The results in Figure 9, demonstrate that the inclusion of noisy labels can impede sample efficiency. However, with enough samples, the model ultimately achieves full accuracy. This suggests that while the model is capable of leveraging the information contained in the intermediate steps, it can also gradually learn how to perform addition while disregarding the presence of noisy intermediate steps.
Figure 9: Comparison of training with simplified scratchpad formatting using correct A and C information with formatting using random A/C and their effect on sample efficiency and accuracy. Results show that noisy labels degrade sample efficiency, but with sufficient training data, the model eventually reaches full accuracy.
Figure 15: Performance of 3−digit subtraction, 2−digit multiplication, 4−digit precision sine and square root with varying data formats. As with addition, reverse always produces improved sample complexity and performance for all operations. For sine and square root, scratchpad formatting provides limited improvement. This discrepancy can be attributed to the complexity of the intermediate steps involved in the detailed scratchpad.

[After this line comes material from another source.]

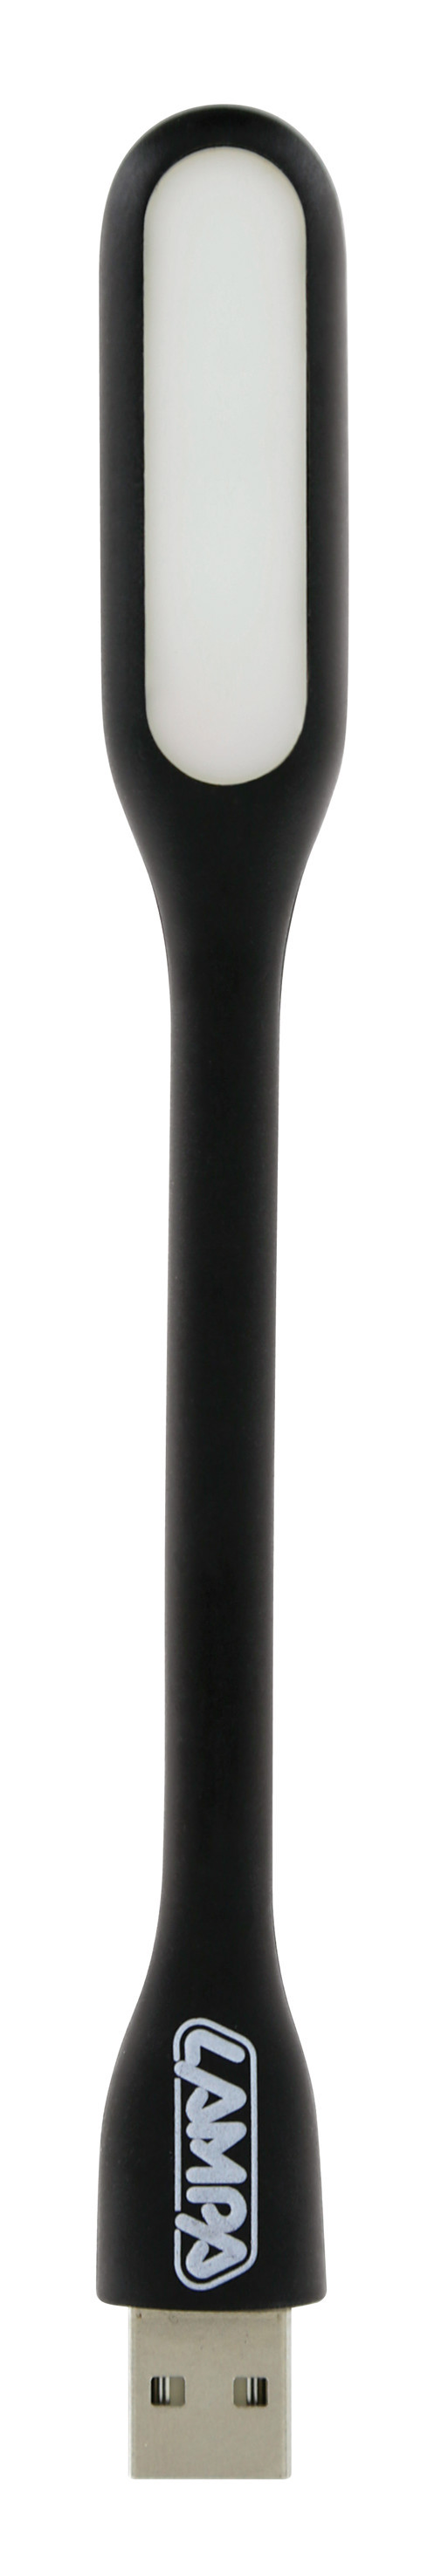 COB LED-es flexibilis Lámpa + USB töltő 12/24V thumb

…The results presented in Table 3 reveal intriguing findings. We observe that the reverse format consistently outputs a result that deviates by no more than 1 from the true answer, regardless of whether the preceding outputs O3O2 are subjected to random or precise perturbation. This consistency can be explained by Lemma 2, indicating that the reverse format only requires learning a straightforward function of digit-wise addition for each corresponding position, along with the carry-on (0 or 1). Therefore, even with noise in the preceding tokens, the model accurately performs digit-wise addition, albeit with occasional carry-on prediction errors. With an exact accuracy of 81.26% even in the presence of random perturbation, the reverse format demonstrates the model’s ability to rely less on the preceding output tokens, indicating a robust learned output mapping.
…Going from character-level tokenization to BPE: …Figure 20 shows that GPT-2 demonstrates high performance in addition tasks with both character-level tokenization and Tiktoken with spaces between digits. This aligns with the results by Wallaceet al2019, suggesting that character-level tokenization exhibits stronger numeracy capabilities compared to a word or sub-word methods. Furthermore, comparing the models trained from scratch and the models trained from the pretrained model, we observe that fine-tuning a pretrained model results in better performance compared to training a model from scratch.
Figure 20: Performance of various configurations of the GPT-2 model on the addition task. We compare the effects of tokenization methods, specifically character-level tokenization versus Tiktoken (OpenAI’s BPE tokenizer), training initialization (training from scratch versus training from a pretrained GPT-2 model), and the inclusion or exclusion of spaces between numbers. The results highlight the importance of using pretrained models and incorporating spaces for consistent tokenization of numbers when training a model for arithmetic tasks.